Samstag, 23. März 2013

Der Brief




Ich hörte, als ich noch zur Schule ging, eine Geschichte, die während meiner Schulzeit an meiner Schule stattgefunden hatte, und von der ich, während sie sich ereignete, nichts mitbekam, und die ich, nachdem sie sich ereignete, nicht glauben konnte.

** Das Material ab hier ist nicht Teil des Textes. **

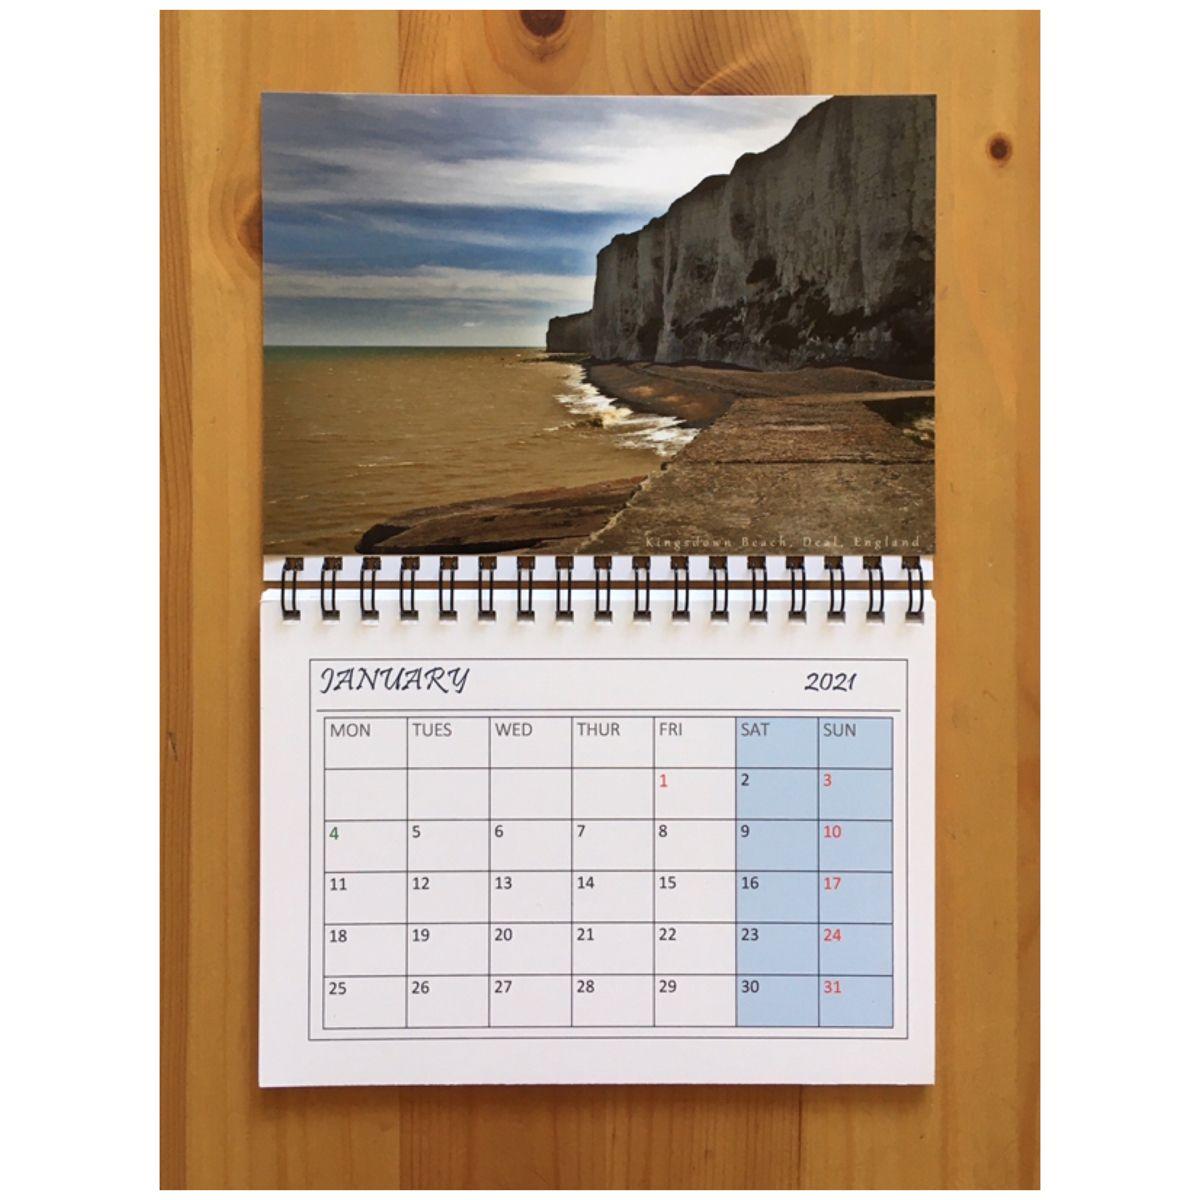 Fridge Calendar 2021 Seascape Magnetic Calendar 2021 A6 Etsy Printed Magnets Magnetic Calendar Vertical Calendar

Solche menschlich-unmenschlichen Abgünde gibt es, dachte ich, höchstens in skandinavischen Kinofilmen, und der tiefste Abgrund, in den ich zu jener Zeit geschaut hatte, war, dass eine Mitschülerin öffentlich herumposaunte, dass ich noch nie mit einer Frau geschlafen habe, und ich war immerhin 18, das war also eine große Schande, - doch anstatt im Boden zu versinken, fragte ich sie, was das sollte, und sie gab zu, es von jemandem erfahren zu haben, der eigentlich darüber nicht hätte reden dürfen, und es rumerzählt zu haben, um meinen Ruf zu schädigen, weil ich ihr unnahbar und unangreifbar erschien. Sie meinte es gar nicht böse mit mir, sie wollte einfach nicht länger ertragen, dass sie Luft für mich war, und ich war nunmal seit langer Zeit in ein anderes Mädchen heimlich und unerschütterlich verknallt. Sie wollte auch nichts von mir, aber sie wollte, dass ich etwas von ihr wollte, oder mich jedenfalls bedürftiger, abhängiger, manipulierbarer machen, denn diese Leute, denen alles am Arsch vorbei geht, diese Leute mit sozialem Tunnelblick und einem festen oder aber gar nicht vorhandenen Ziel, gehen in diesem Alter nunmal so gut wie allen auf den Sack, denn man ist in diesem Alter gewöhnlicherweise extrem unsicher.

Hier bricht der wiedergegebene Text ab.